Don’t Let Bugs Bug You This Summer

Stay safe from insect-borne illness

By Deborah Jeanne Sergeant

You have plenty of reasons to keep bugs from bugging you this summer.

Some, such as mosquitoes and ticks, can spread illnesses such as Lyme disease if you do not learn more about mosquito control.

The New York State Department of Health states that per 100,000 in population, fewer than 62.9 cases of Lyme disease were reported in each of Erie and Niagara counties in 2017 (the most recent data available).

The counties are among the areas with lowest rates statewide. That at first seems like good news; however, reports of tick-borne disease cases reported has more than doubled statewide between 2004 and 2016, with increased rates heading westward across New York. Also, the Centers for Disease Control and Prevention believes that the number of actual cases of Lyme disease in general is 10 times the number reported.

Michael R. Jorolemon, doctor of osteopathic medicine and senior quality officer for emergency medicine at Crouse Health, reported that in just one 10-hour shift recently, three people sought medical attention for ticks. And the season has only begun.

“If you see a tick on you, the best thing is to seek medical treatment,” Jorolemon said.

He advised heading to urgent care or the emergency room if the primary care provider is unavailable.

Lyme spreads as black deer ticks infected with Borrelia burgdorferi bacteria bite humans. Black deer ticks also spread less common diseases, such as babesiosis, human granulocytic, anaplasmosis and deer tick virus.

Other types of ticks also spread diseases by biting humans, but that scenario is rarer than Lyme disease. These include the American dog tick (Rocky Mountain spotted fever), Lone Star tick (human monocytic ehrlichiosis), and woodchuck/groundhog tick (powassan/encephalitis virus).

Only about half of adult deer ticks and one-third of nymphs carry bacteria that cause Lyme disease, named for Old Lyme, a town in Connecticut, where the disease was first identified in the 1970s. The ticks typically travel by waiting on tall grass for a passing host. Ticks can hitch a ride on wildlife to residential areas. Hikers, hunters, birders, and campers are at greater risk because they spend time in wooded areas.

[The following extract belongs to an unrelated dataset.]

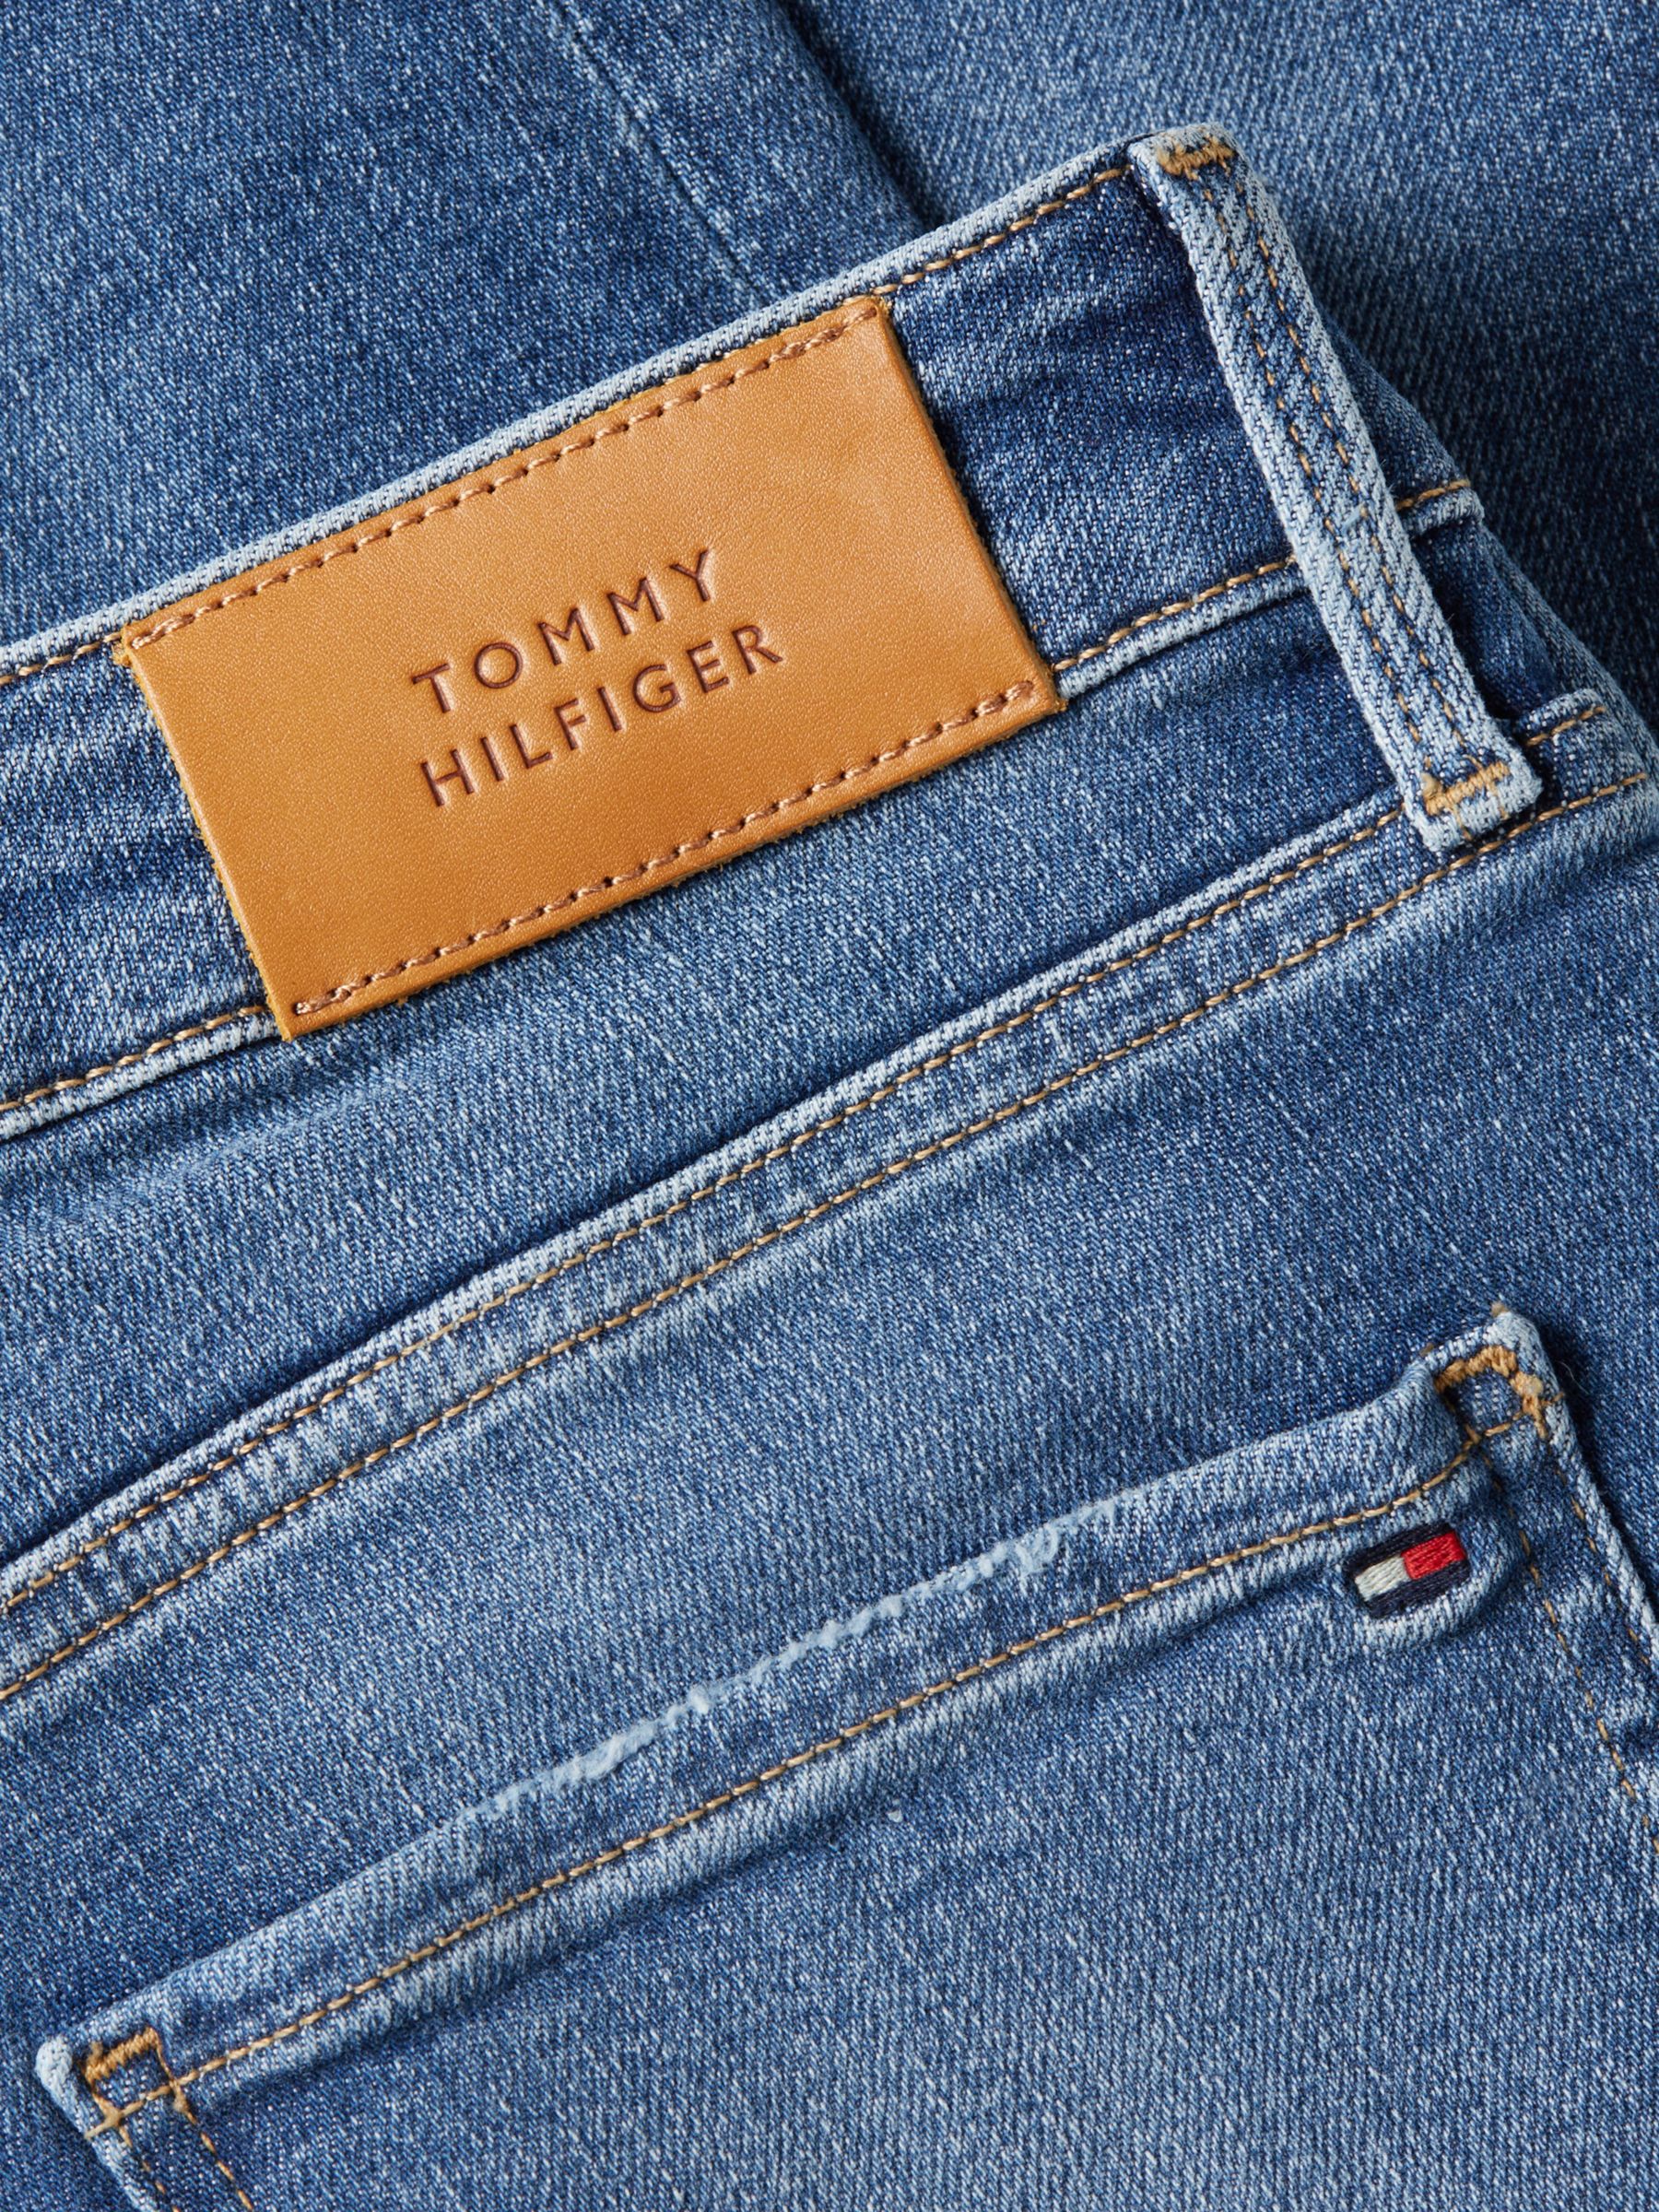 Tommy Hilfiger Curve Lewis Leo & Partners Harlem Jeans, High Skinny Rise John at

If a tick has been stuck to a person for more than 36 hours, the patient should contact a health care provider to see if he qualifies for a prophylactic antibiotic to treat Lyme disease. The site of the bite shows a bull’s-eye patterned rash in about half the cases.

“If a tick is found, it needs to be removed to help decrease the chance of contracting a potential disease that is carrying,” Jorolemon said. “Often when people try other ways, the tick breaks off leaving a part embedded in them.”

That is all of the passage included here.